Friday, October 3, 2008

Elf & Safety Gone Mad - Again!

Mum says the ‘elf & safety police’ have struck again – they want to change the wording to the Police Bravery Awards as follows:

They claim that the current citation - praising officers for acting 'with no thought to his or her safety' - sends out the wrong message and should be toned down to 'fully recognising the risks to their own safety'.

Mum started ranting and kind of gnashing her teeth and jumping up and down and screaming lots and saying “stoopid fooking eediots where will it end?” and then Uncle Hugh asked her if she had something that he calls PMS and that made her even MORE mad and so Uncle Hugh went for a drive and I retired to my basket under the table.
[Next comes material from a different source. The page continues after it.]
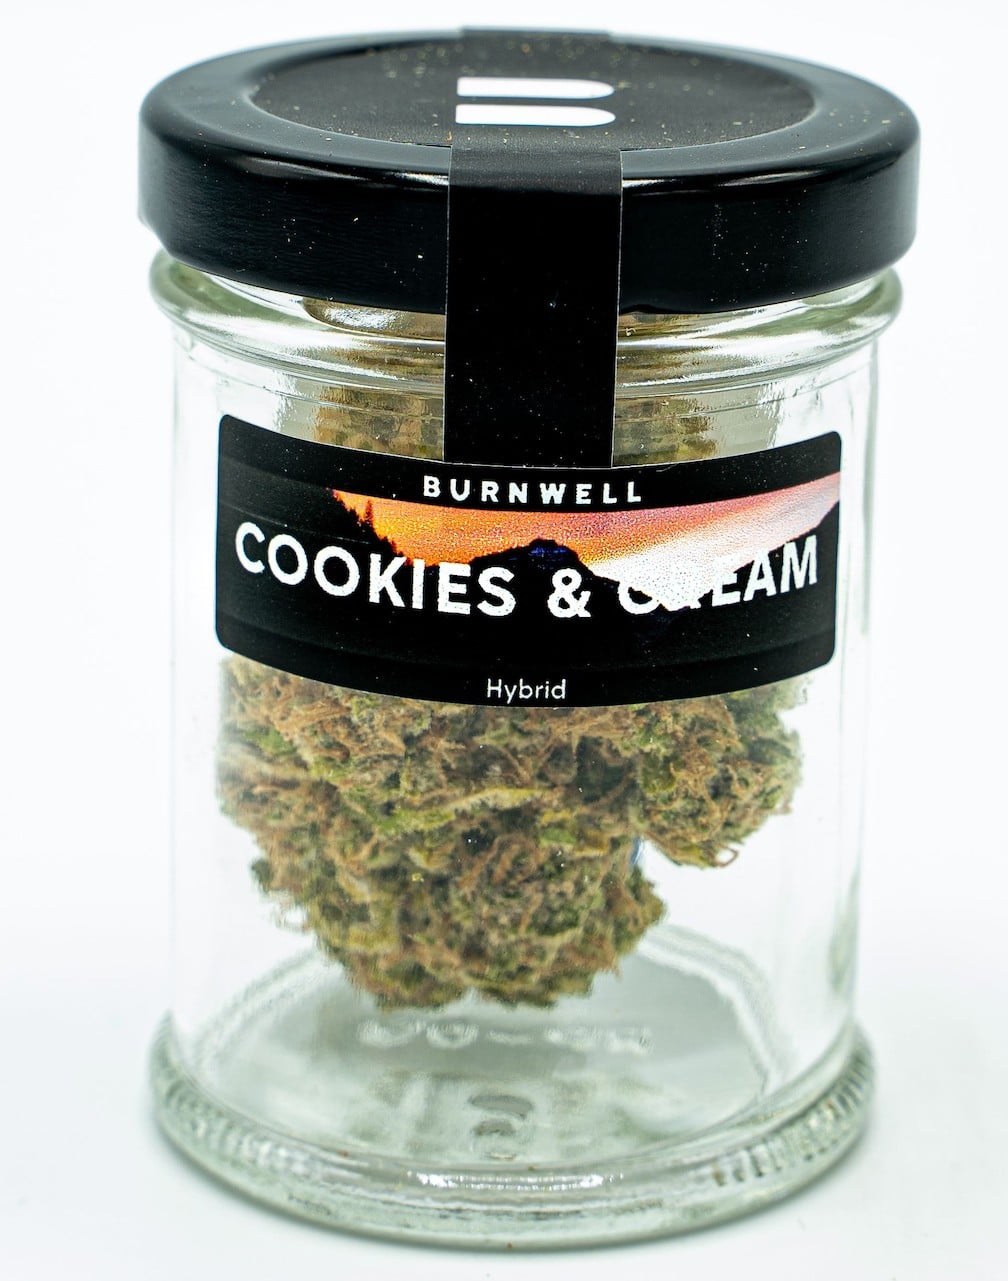 Cookies and Cream Cannabis Strain from Burnwell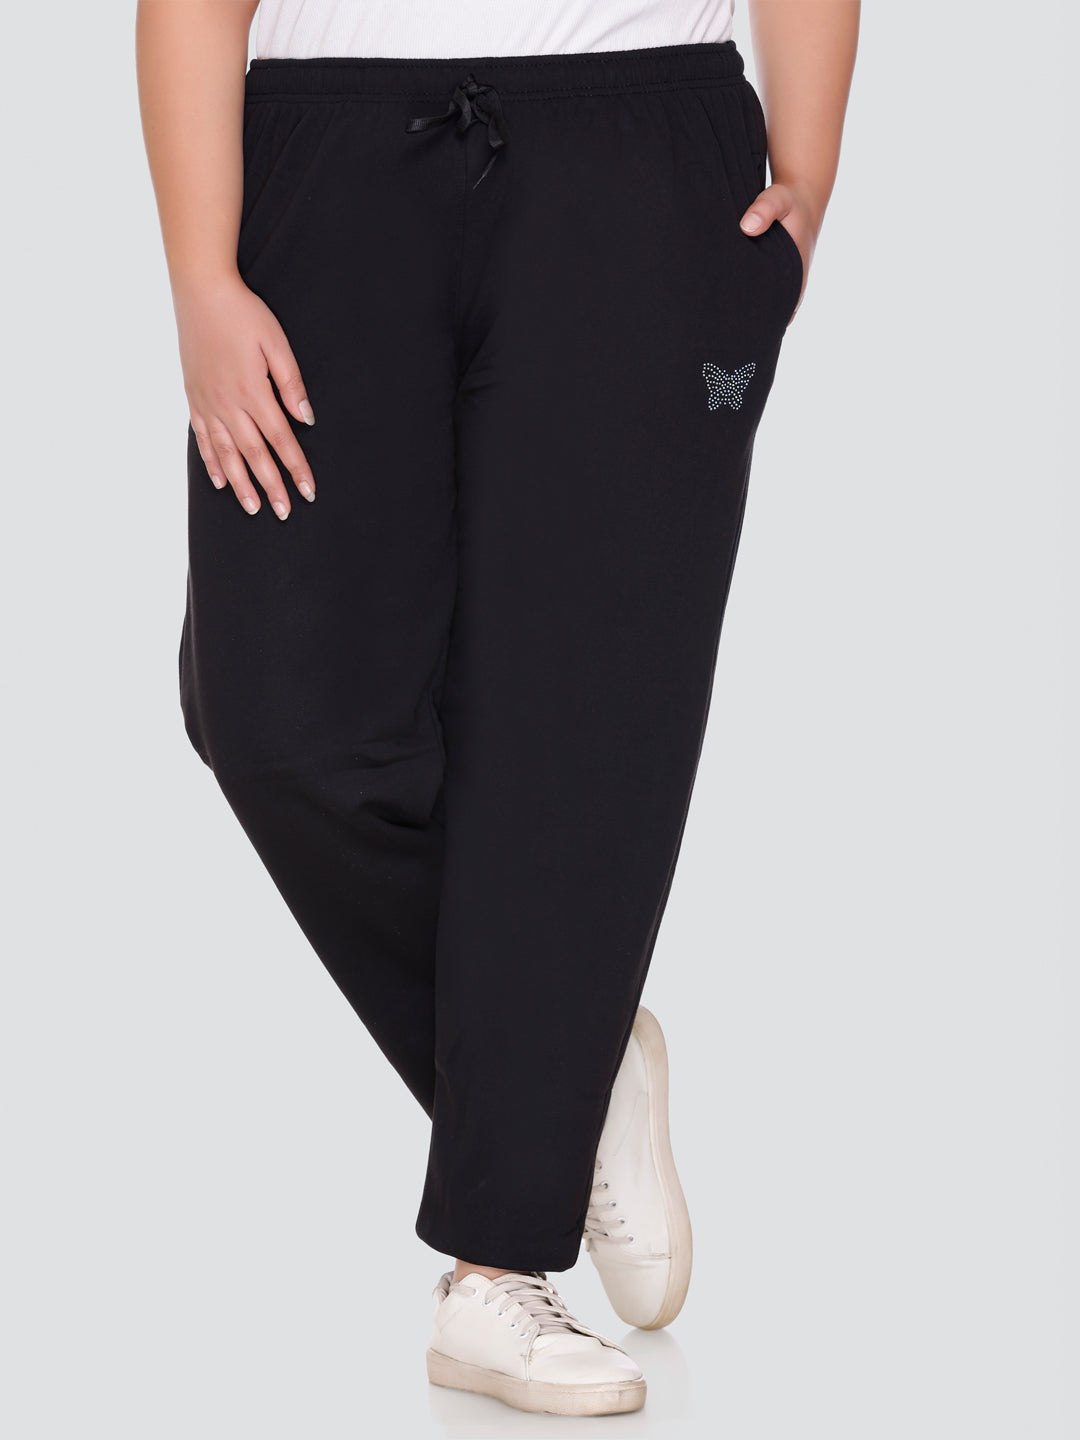 Women's Cotton Black Track Pant, Size: S-XXL at Rs 250/piece in New Delhi

I don’t know what the Police Bravery Awards are. Maybe they are for policemen who arrest the most homeowners who've attacked folk whilst they've been burgling their home, which is against the law in the UK unless you’ve done a risk assessment first – I’m sure that’s what mum said, or something like that.

Anyway, I did some research on this ‘elf & safety’ thing in the UK and apparently it’s so bad that someone has even wrote a book about it called “Playing It Safe” that tells of some very, very strange regulations that the ‘elf & safety police’ have drawn up in the UK. A few examples of some very daft things they’ve done

  • An ice cream shop was banned from pouring it’s sticky toppings on its ice-creams in case some fell on the floor and made someone slip (can’t they just mop it up or can’t people just look where they’re going?)
  • A village was banned from flying bunting at its village fete because it was deemed to be a hazard (it had been doing it for 100 years without incident)
  • A fireman was stopped by his superior from throwing a lifeline to a drowning man because he hadn’t completed a ‘risk assessment’ and told him to ring the Coast Guard instead (they were in the landlocked midlands).
  • A firm stopped their staff from putting up Christmas decorations because their insurance didn’t cover their employees standing on chairs or climbing up ladders (their insurers told them they would have to recruit professionals to do it)
  • A 2yr old couldn’t have her paddling pool in the back garden unless she had a life guard (requires no comment).

    I could go on but I won’t because it makes me very depressed.